## Task brief
Please retype the listing below word for word and exclude its images.

## Source material
+ + +

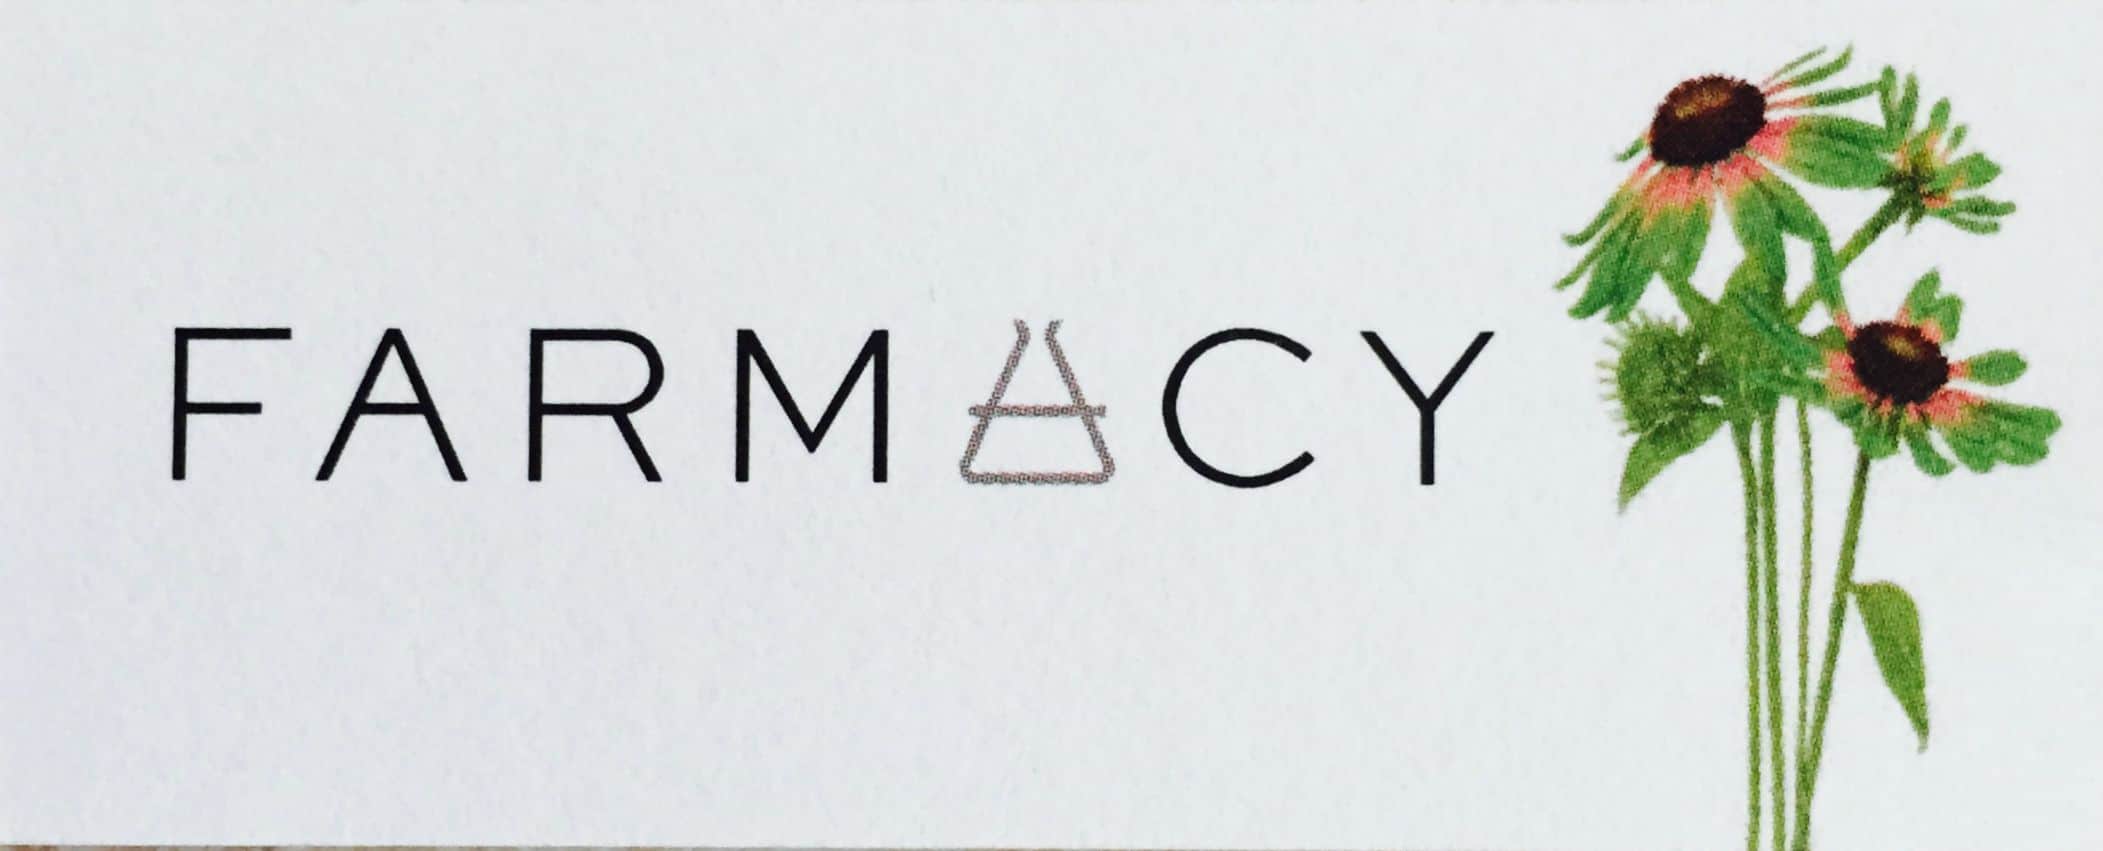 farmacy logo flower
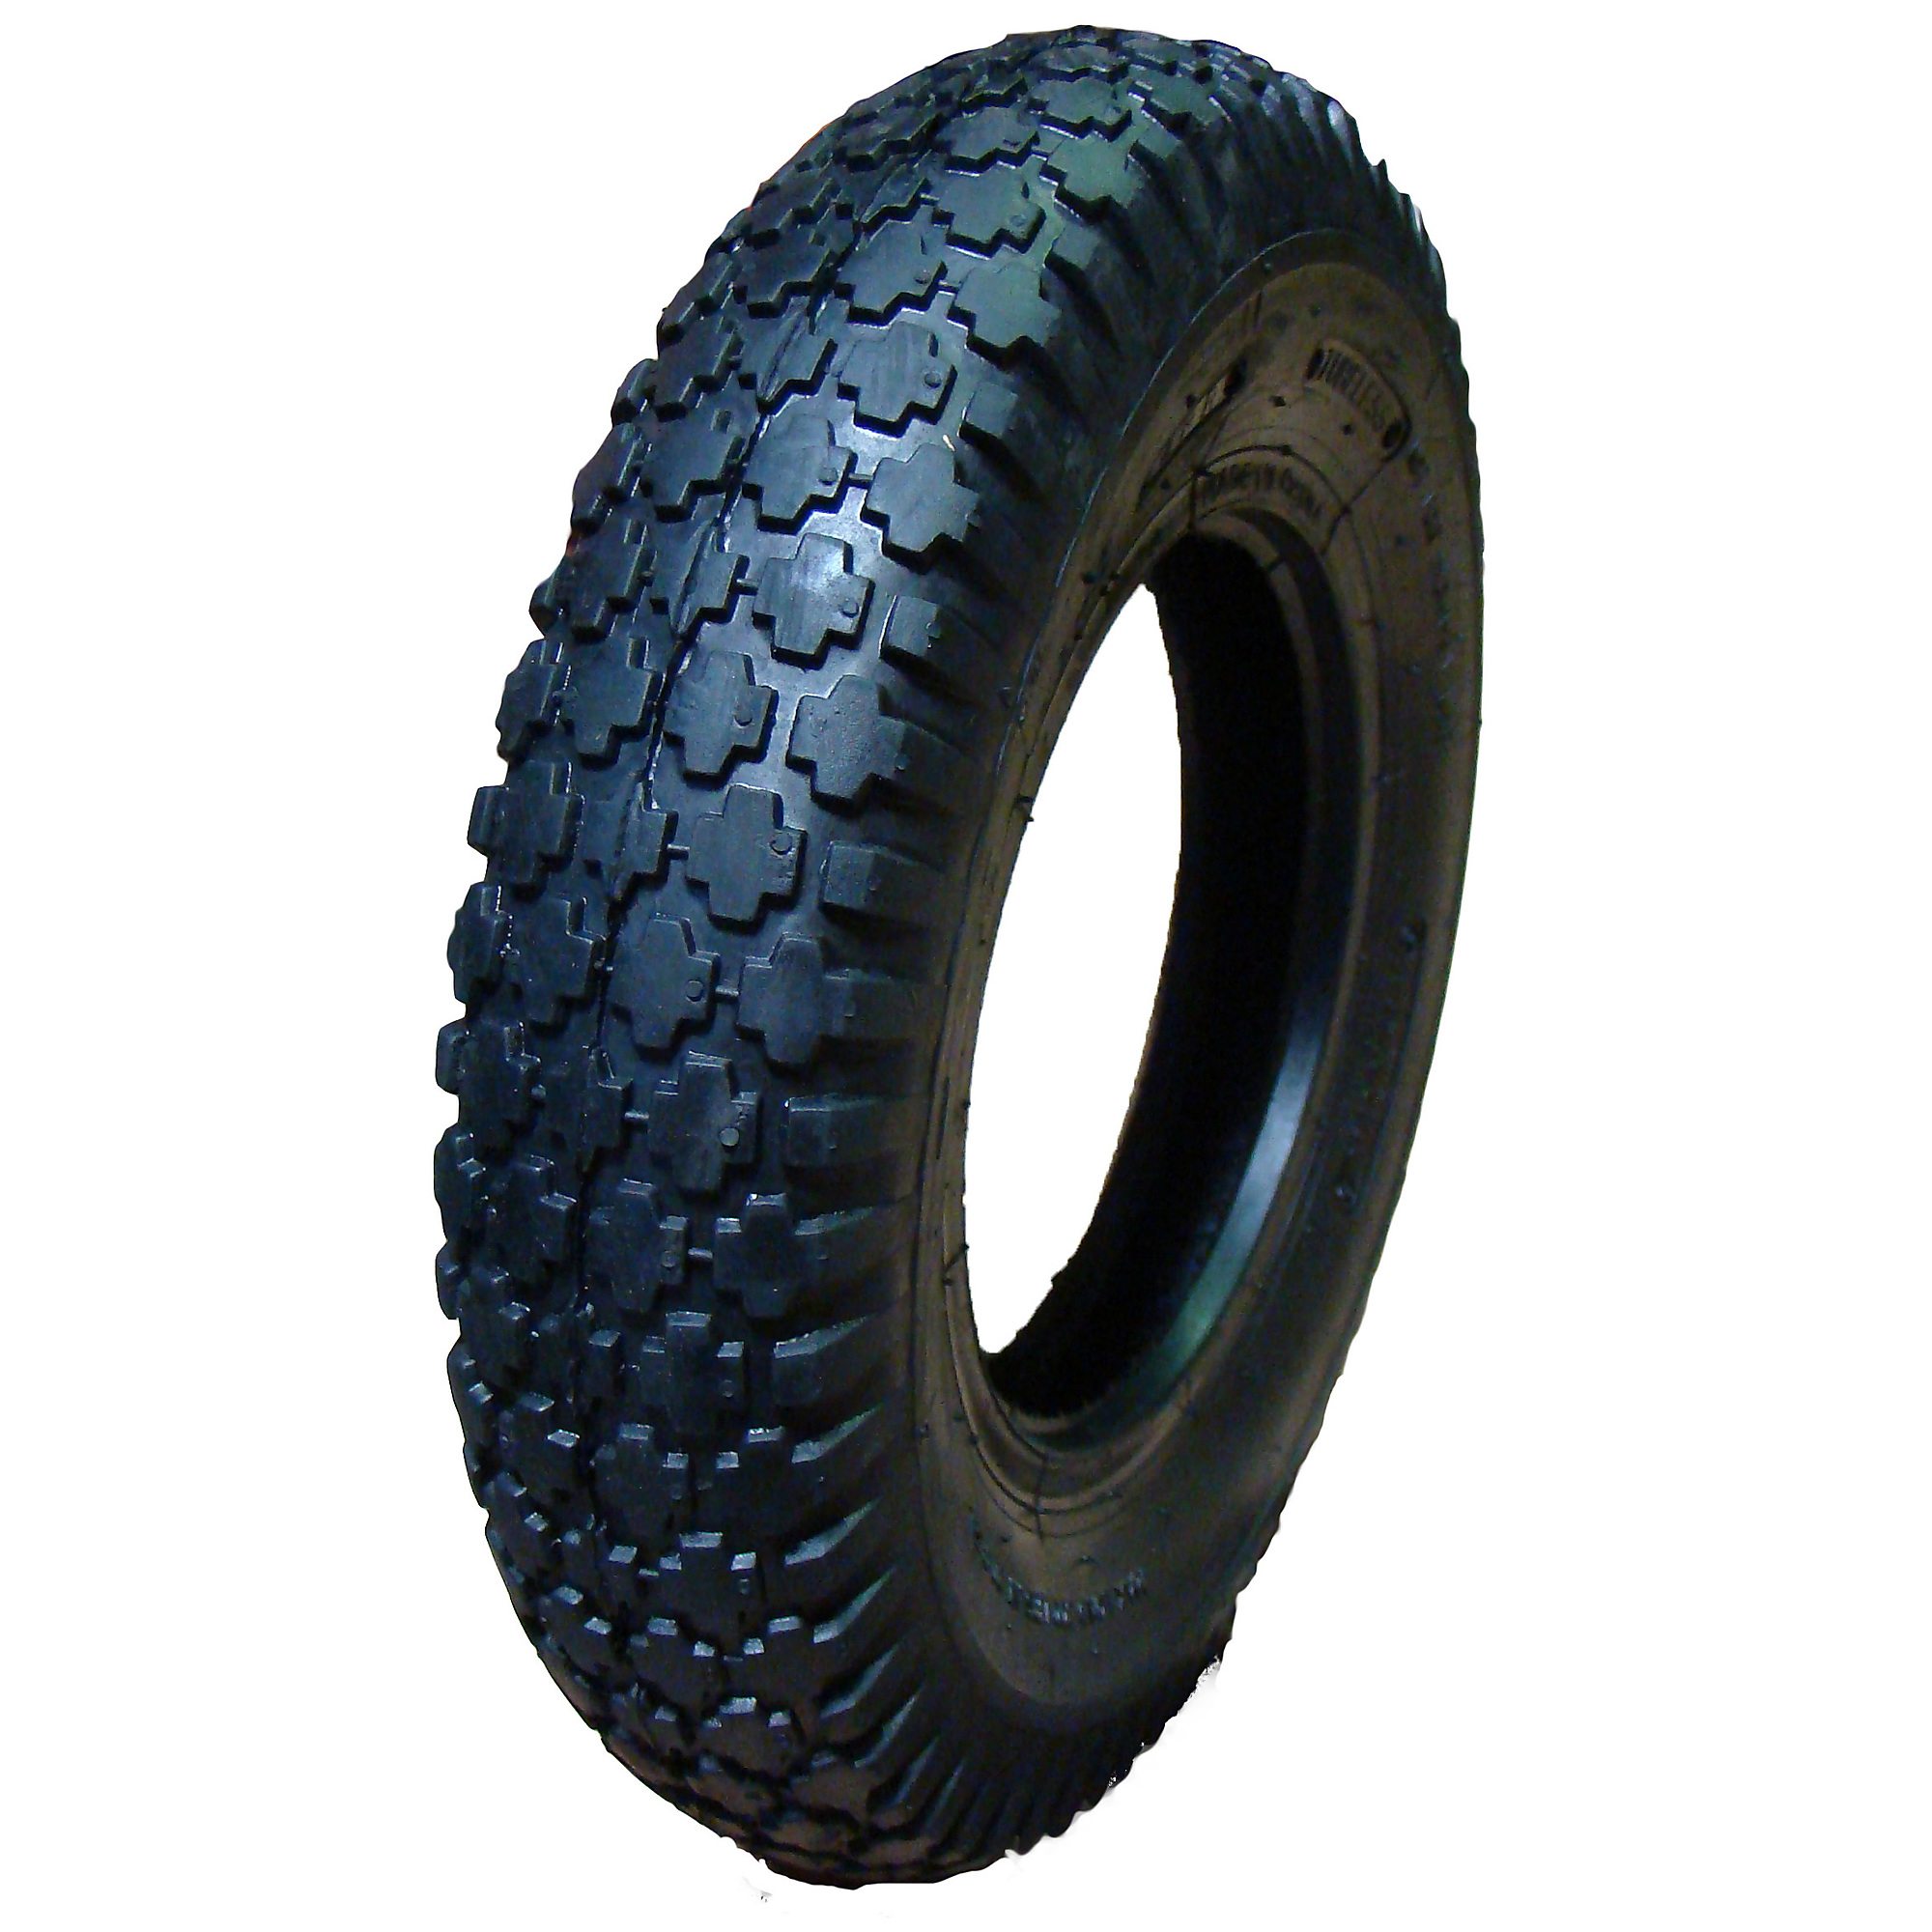 HI-RUN, Wheel Barrow Tire, 4 ply, Stud, Tire Size 4.80/4.00-8
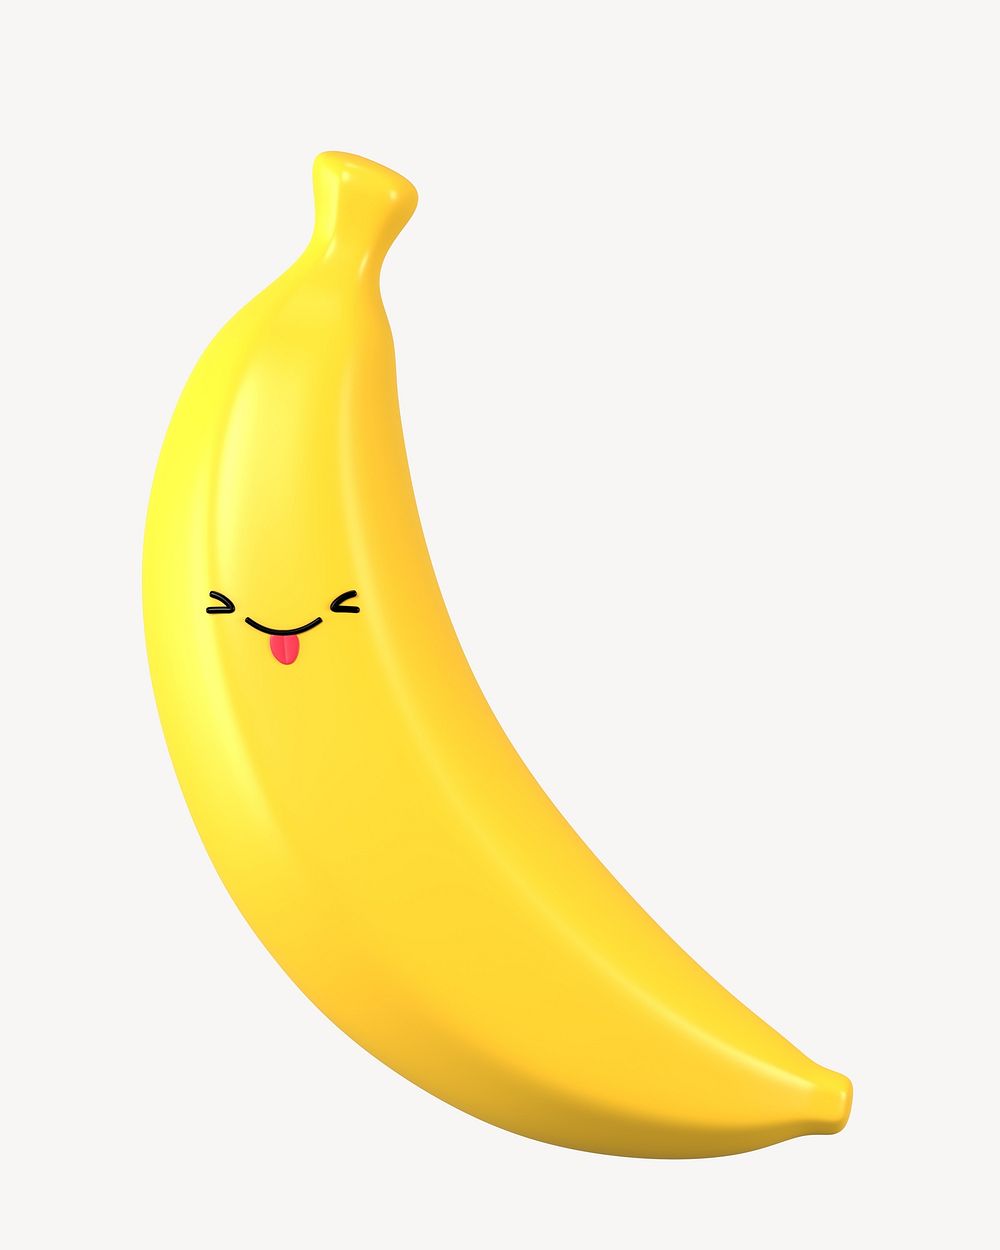 3D playful face banana, emoticon illustration

+ + +

## Reply to the task
 farmacy logo flower
 HI-RUN, Wheel Barrow Tire, 4 ply, Stud, Tire Size 4.80/4.00-8
 3D playful face banana, emoticon illustration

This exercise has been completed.